The Jim Rome Show is an American sports radio talk show hosted by Jim Rome. It airs live for three hours each weekday from 12pm to 3pm Pacific Time. The show is produced in Los Angeles, syndicated by Westwood One, and can be heard on affiliate radio stations in the U.S. and Canada.

==History==
The Jim Rome Show began on XTRA Sports 690 in San Diego. In 1996, Premiere Radio Networks picked up the program for national syndication. Sometime after, the show was shortened by one hour and the broadcast location was shifted from XTRA Sports 690 to the Premiere Radio Networks studio complex in Sherman Oaks, California.

The show became a charter program of CBS Sports Radio, later Infinity Sports Network, upon its full launch on January 2, 2013.

In October 2017, CBS Sports Network announced that it would add a simulcast of The Jim Rome Show to its afternoon lineup beginning January 2, 2018, ultimately running it until February 9, 2024. The show began streaming on the social media service X on May 28, 2024, and on YouTube June 22, 2026. The show also began broadcasting on September 19, 2024, on various free ad-supported streaming television (FAST) channels.

On January 6, 2025, the show swapped positions with The Rich Eisen Show, moving from 9am to 12pm PT and moving from Infinity Sports Network to Westwood One.
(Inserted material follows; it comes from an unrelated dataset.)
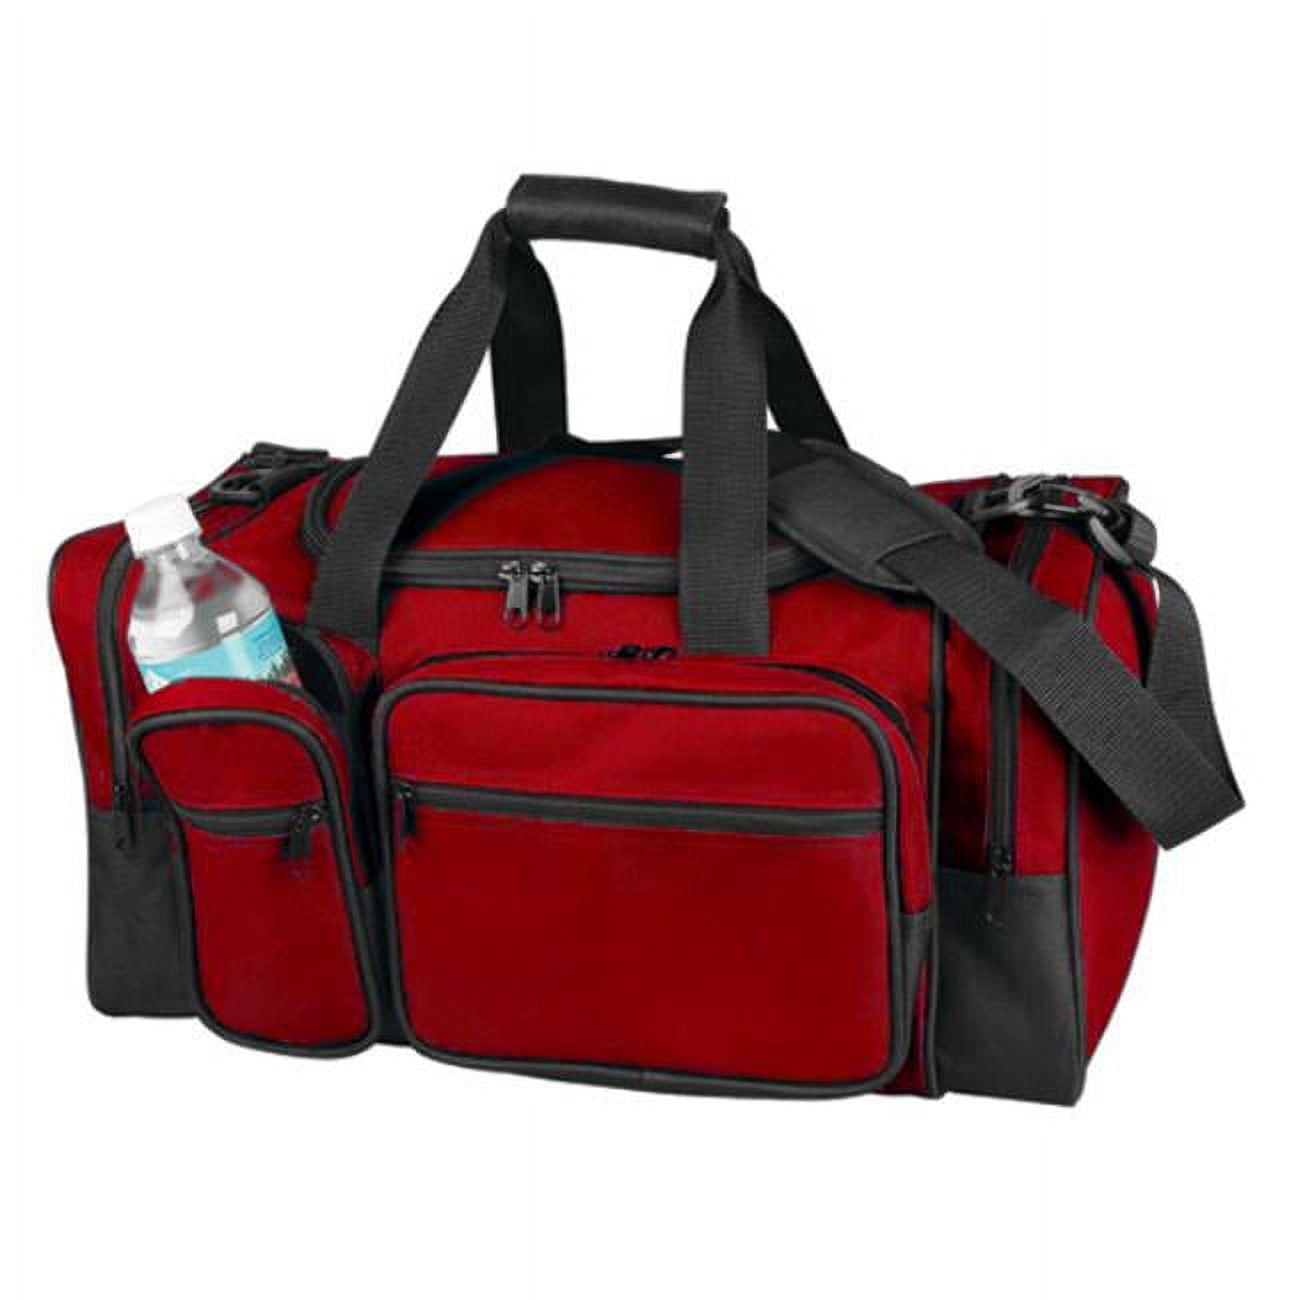 600d Poly Deluxe Club Sorts Duffel Bag - Black & Red, Case Of 12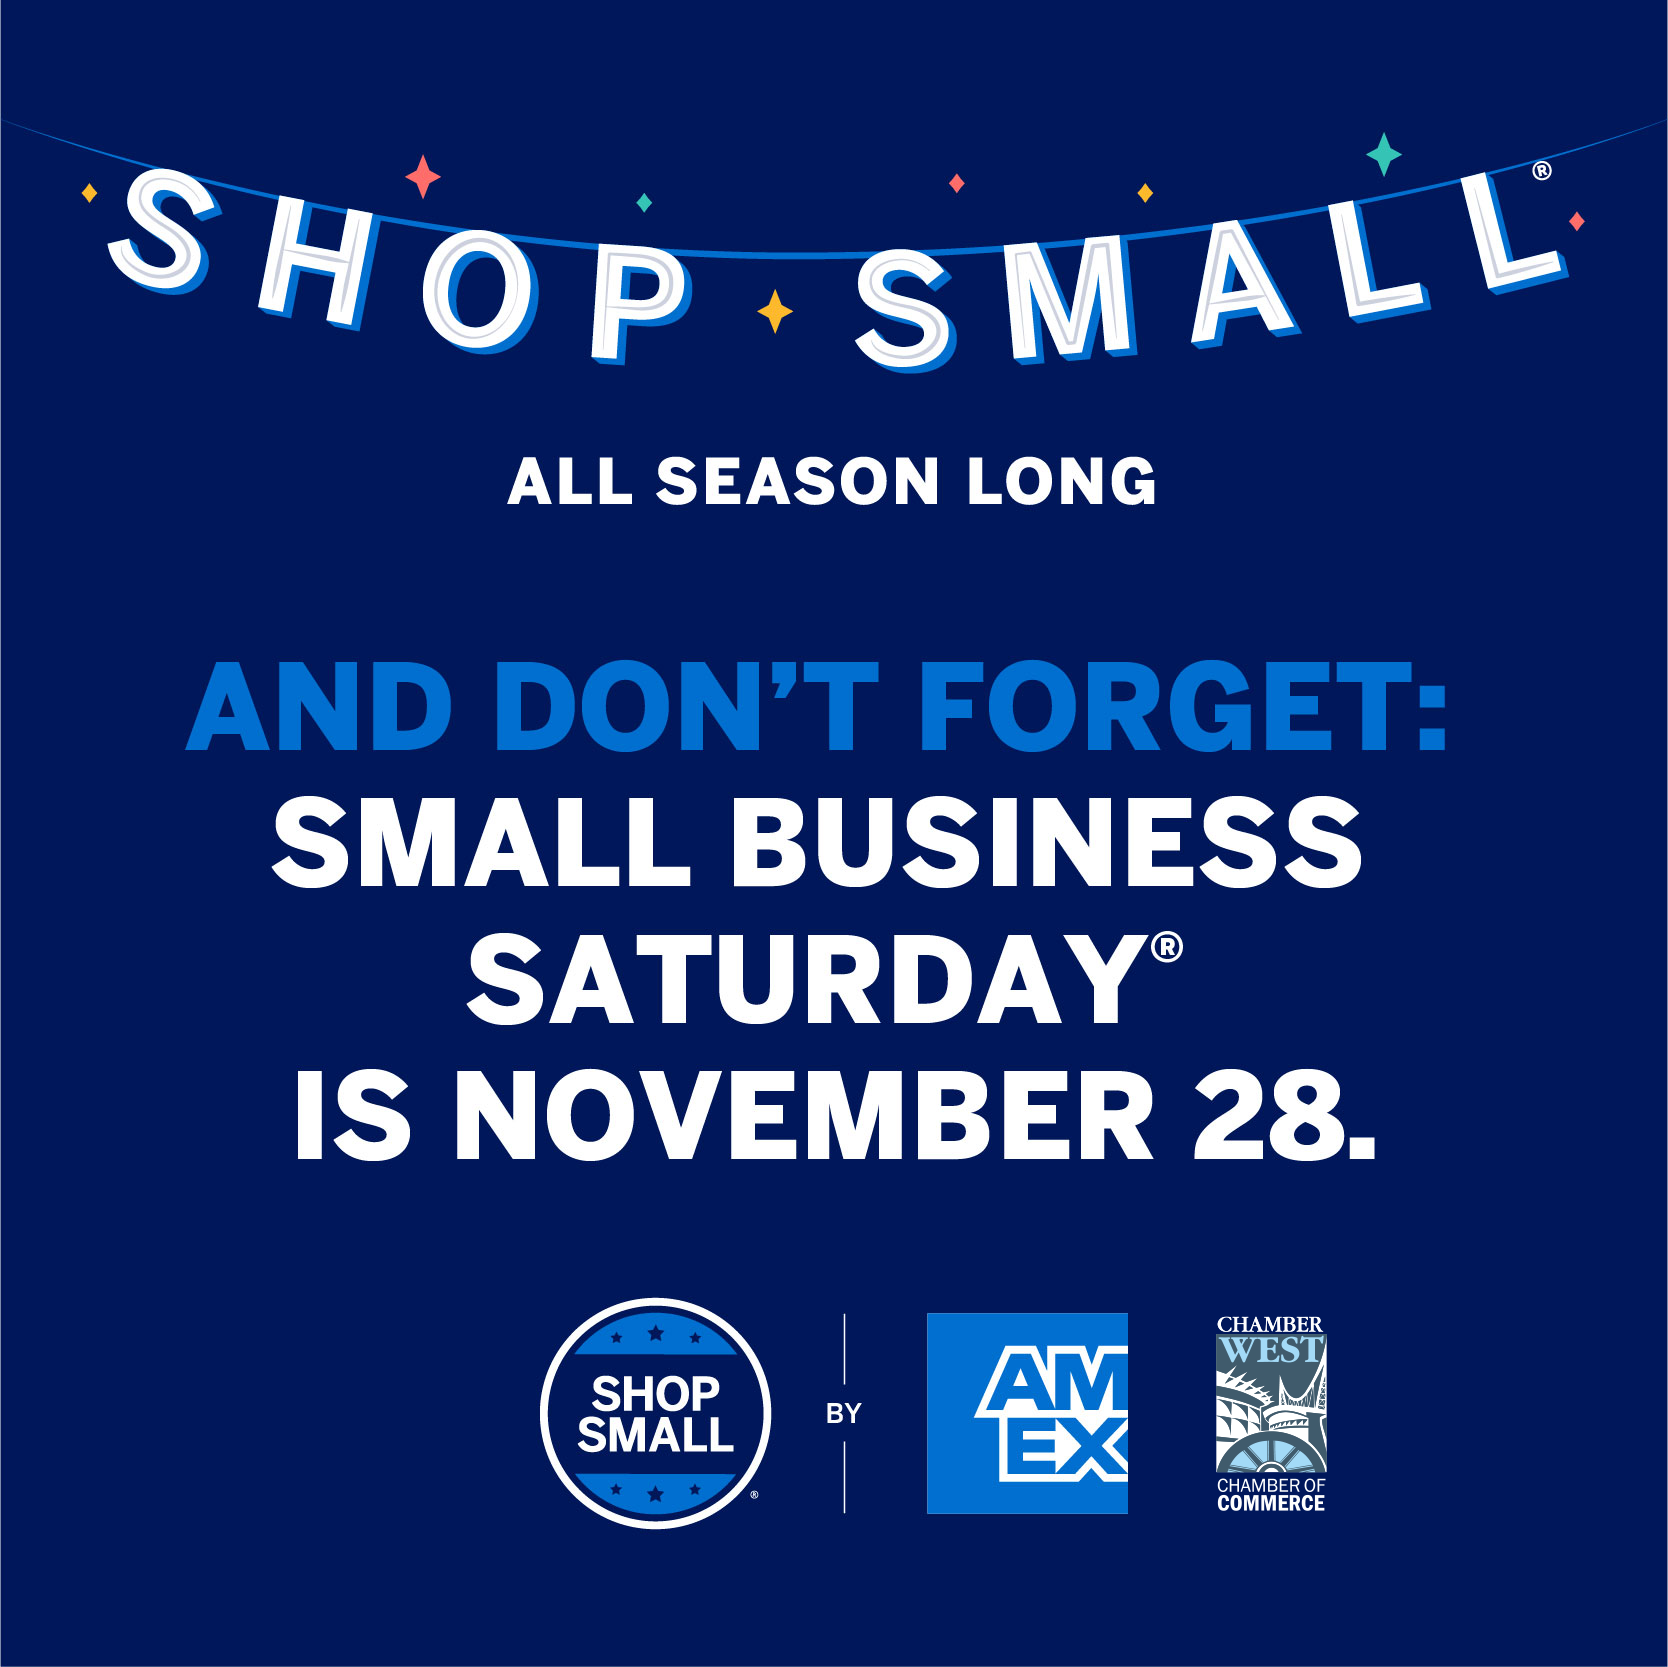 Celebrate the 2020 Holiday Season and 11th Annual Small Business Saturday®

In October 2025, it was announced that in December 2025 Rome would return to Infinity Sports Network as part of Westwood One's assumption of day-to-day operations for the network, rebranded as Westwood One Sports.

==Show personnel ("The XR4Ti")==
As of January 2026, staff includes Tom "Count Chocula" Di Benedetto, executive producer (EP) and call screener since 2021; Alvin Delloro, engineer since 2005; James "Flight Deck" Kelley, digital program director since c. 2010; Cindy Stirling; Alex Hardy; and Lorn McLaren of the "XCR" (video control room staff), assistant director and graphics producer since 2024.

Former staff includes EPs Travis Rodgers (1996 to 2009), Kyle Brandt (2009 to 2016, producer back to 2007), and Adam Hawk (2016 to 2021), as well as Brian "Whitey" Albers, Keith Arnold, Robert Dozmati, Mike Goldfarb, Austin Huff, Gerrit Ritt, Jack Savage, Jason Stewart, Dave Whelan, and Imanni Wright.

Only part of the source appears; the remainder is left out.